Recently the SIF Web Editors highlighted the project that will be one of my main focuses during my time with the SIF program: the climate lab weather balloon. This project will deploy a moored weather balloon as a way to collect real-time data about the troposphere for use in an intro level lab. This project is part of an ongoing active learning project that aims to increase interactivity in the most popular general science lab on campus (Geography 1112 – Intro to Weather and Climate). The move to make Geography 1112 an active learning environment is motivated by two goals. The first is to hopefully increase the on campus presence of the department responsible for the labs: the Department of Geosciences, of which I am a part. The second is simply to improve the quality of the lab through the application of active learning. As explained in a post by my SIF colleague Monica Cook, switching classes from a lecture format to a more active format will likely increase student performance, especially among minority and first generation students.
But SIF wasn’t where I first learned of or started thinking about the balloon project. The idea was first pitched to me by the professor in charge of the Geography 1112 labs: Dr. Jeremy Diem. You see, before I was a SIF program fellow, I was a teaching assistant with the Department of Geosciences. I taught two lab sections of Geography 1112 and worked with (and still work with) Dr. Diem as my thesis advisor. We had discussions about how he wanted to improve the 1112 labs. He mentioned the balloon idea and it got me thinking. I immediately thought it would be a really cool way to showcase how science works. I could even conceive of how to build the apparatus necessary to launch such a balloon. But Dr. Diem’s vision was more ambitious than a balloon. He wanted weather data collected by the balloon to be displayed in real time. He wanted the exercise seamlessly integrated into the labs. He wanted a balloon that could go high above downtown and return without incident.
I knew how to build a mooring system to send and return the balloon, but I had no conception of how to transmit the data in real time, much less integrate the whole thing into one of the labs. That is where the SIF program has come in. While I have the knowledge to work the mechanics of the balloon and the background on how it fits in with the labs, the project needed others to actually work. Another SIF program fellow, Megan Smith, is using her computer science expertise to create the instrumentation and make a system for getting the data in real time (you can see an update of her work on this and other projects on her blog). An instructional designer from the Center for Instructional Innovation, Taylor Burch, is also assisting by helping integrate this activity into the lab it is meant to support.
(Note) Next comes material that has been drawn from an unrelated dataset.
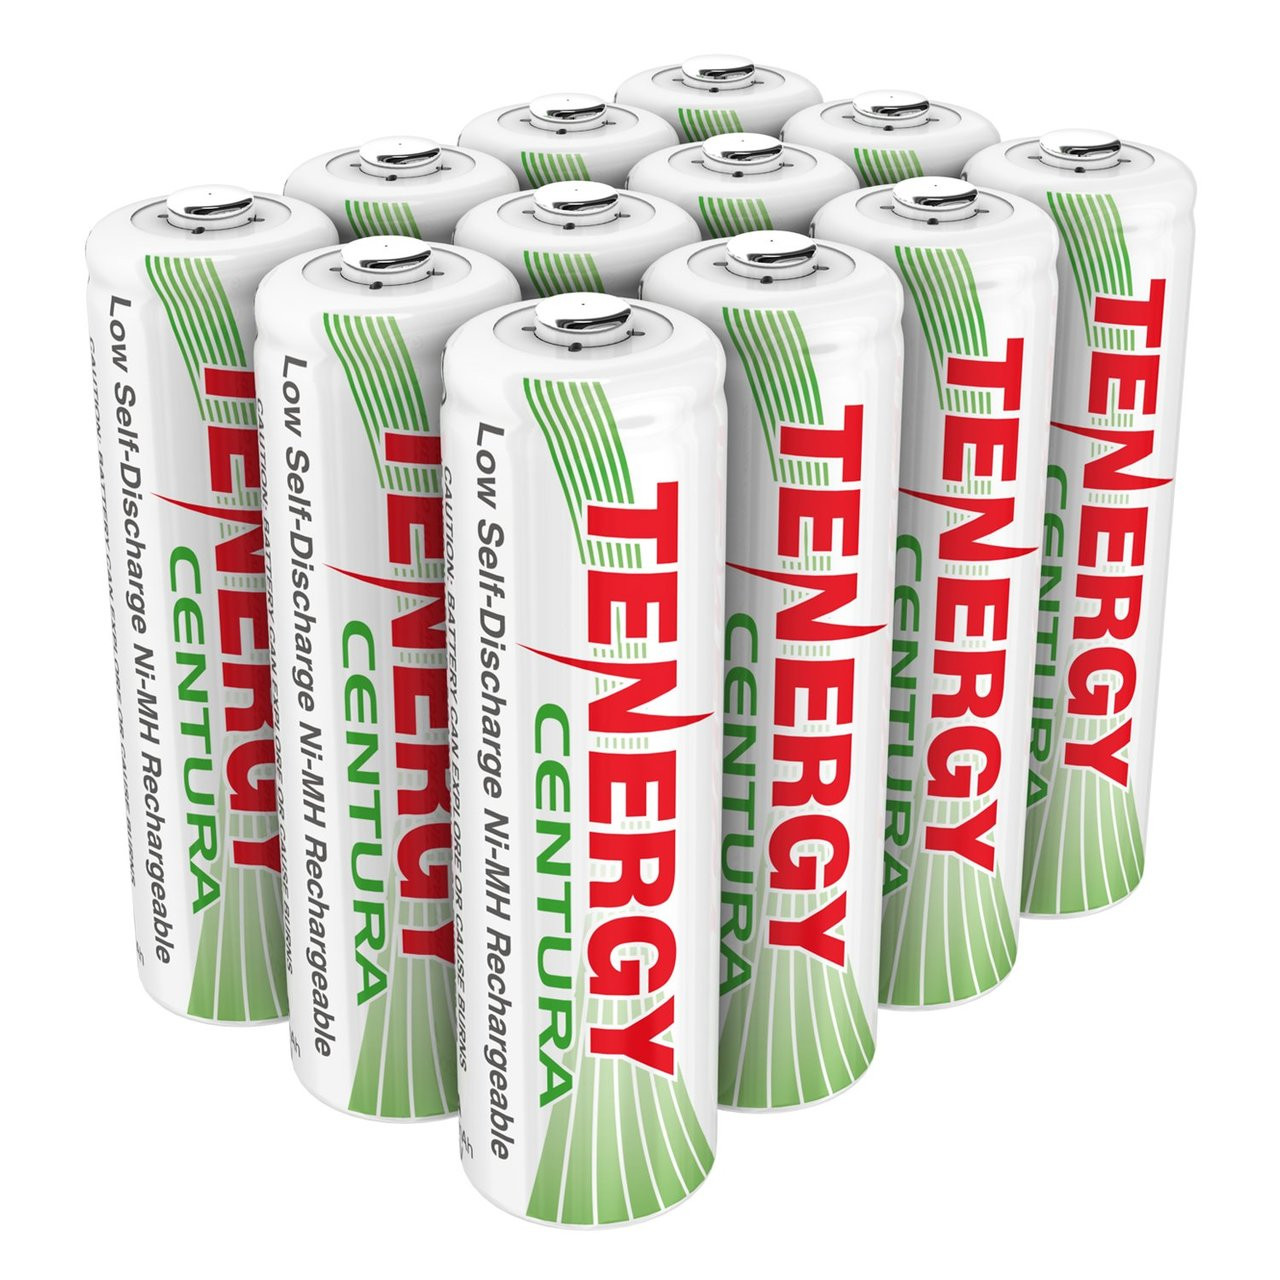 Combo: Tenergy Centura NiMH AA 1.2V 2000mAh Rechargeable Batteries, 12-Pack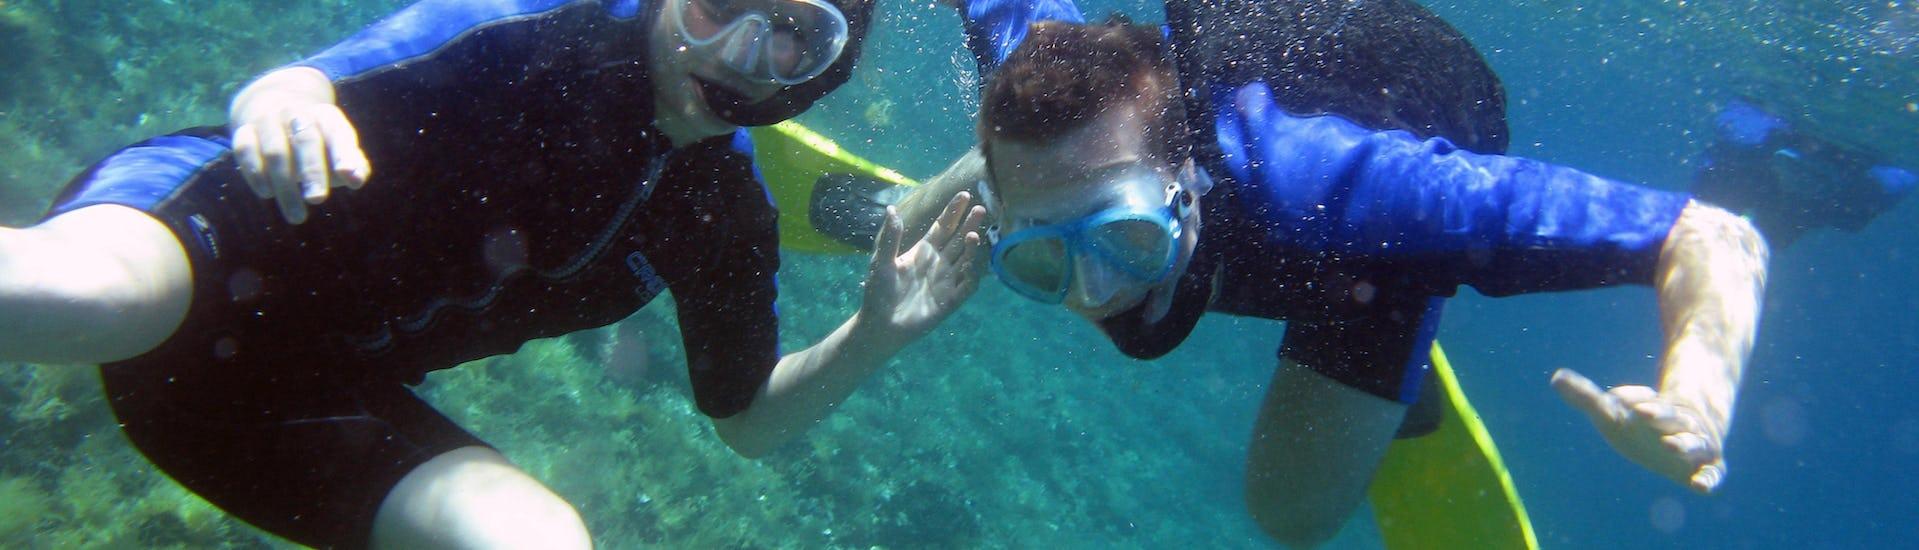 snorkeling-near-athens-nea-makri-kanelakis-diving-experiences

This is why the SIF program is so important. By collecting motivated people from so many different fields, the program can take a project that seems too difficult to achieve, and makes it happen. The program takes ideas and improves on them by bringing in different perspectives. This happens with all sorts of projects. 3D Atlanta combines technical knowledge of 3D modelling with archival research. The GSU growth map brought together SIF program fellows from several fields to produce something that has become a part of the university’s capital campaign. This interdisciplinary focus leads SIF projects to create such high quality product, and those products are valuable, not only to the GSU community, but to the Atlanta and Georgia community as a whole.